Identity, Patch/Configuration Management, DevSecOps

GitLab password reset bug leaves more than 5.3K servers up for grabs

In this photo illustration the GitLab logo seen displayed on a smartphone and on the background.

Critical GitLab vulnerability CVE-2023-7028 was not patched on more than 5,300 servers as of Tuesday, potentially enabling remote takeover of software developers’ accounts.

The bug, with a maximum CVSS score of 10, was first disclosed and patched by GitLab on Jan. 11. The vulnerability in GitLab’s login system would allow an attacker to have a password reset link sent to their own unverified email address without any user interaction by the victim.

“Account takeover can be achieved by crafting a specially formatted HTTP request that is capable of sending a password reset email to an unverified email address in an unpatched version,” a GitLab spokesperson told SC Media in a Jan. 12 email.

Security updates were released for GitLab versions 16.5.6, 16.6.4 and 16.7.2 and backported to versions 16.1.6, 16.2.9, 16.3.7 and 16.4.5, as well.

One researcher who tested the bug on GitLab Community Edition version 16.6.1 and shared their results on AttackerKB said CVE-2023-7028 was, “Very effective and easy to exploit.”

Nearly two weeks after patches became available, 5,379 vulnerable instances of GitLab were detected worldwide by the Shadowserver Foundation. The nonprofit organization, which monitors malicious activity online, posted the data from Jan. 23 on X, noting that the United States and Germany had the most vulnerable instances, with 964 and 730 respectively.

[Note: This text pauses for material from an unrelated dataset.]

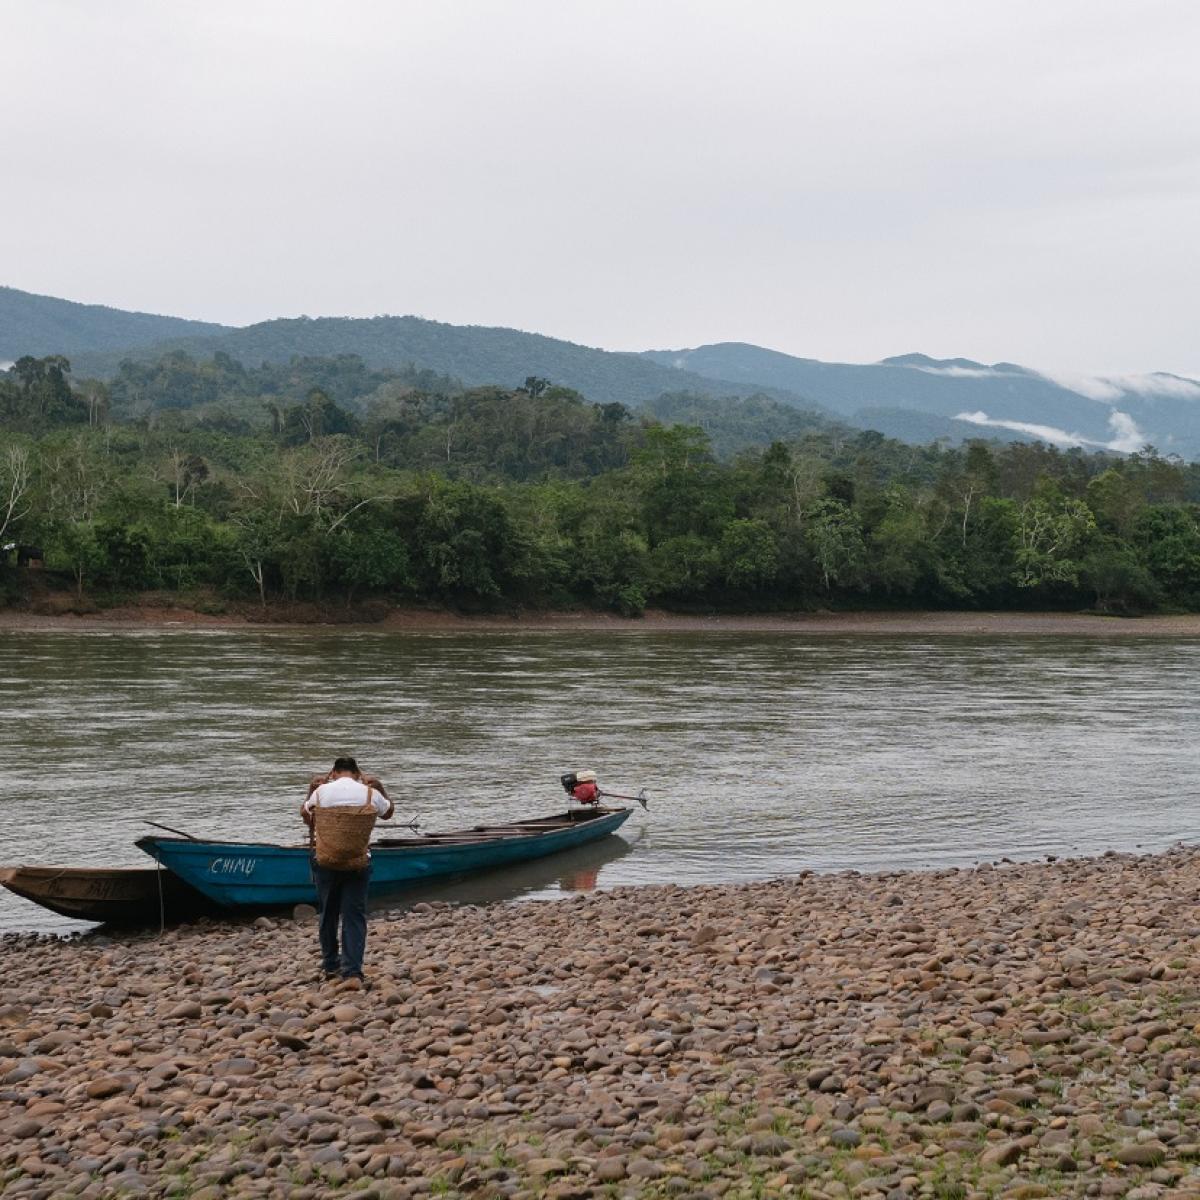 A man walks along a rocky river bank, approaching a small skiff boat.

Shadowserver’s dashboard tool showed fewer vulnerable instances (4,652) on Jan. 24. A Shadowserver spokesperson confirmed with SC Media that there was "a drop in detected vulnerable instances, which is a positive development," but that more time would be needed to determine whether this decrease was a trend or a "blip" in Shadowserver's scans.

Indicators of compromise for GitLab CVE-2023-7028

GitLab customers with self-managed instances of the affected products — GitLab Community Edition and GitLab Enterprise Edition — should review their logs for exploitation of CVE-2023-7028 using the two following methods, as outlined by GitLab:

  • Check gitlab-rails/production_json.log for HTTP requests to the /users/password path with consisting of a JSON array with multiple email addresses
  • Check gitlabs-rails/audit_json.log for entries with of PasswordsController#create and target_Details consisting of a JSON array with multiple email addresses

The company said no exploitation of the bug on or GitLab Dedicated instances has been detected.

GitLab recommended customers also enable two-factor authentication (2FA), which prevents account takeover via CVE-2023-7028, although users of unpatched instances are still vulnerable to being locked out of their accounts if an attacker exploits the flaw to reset their password.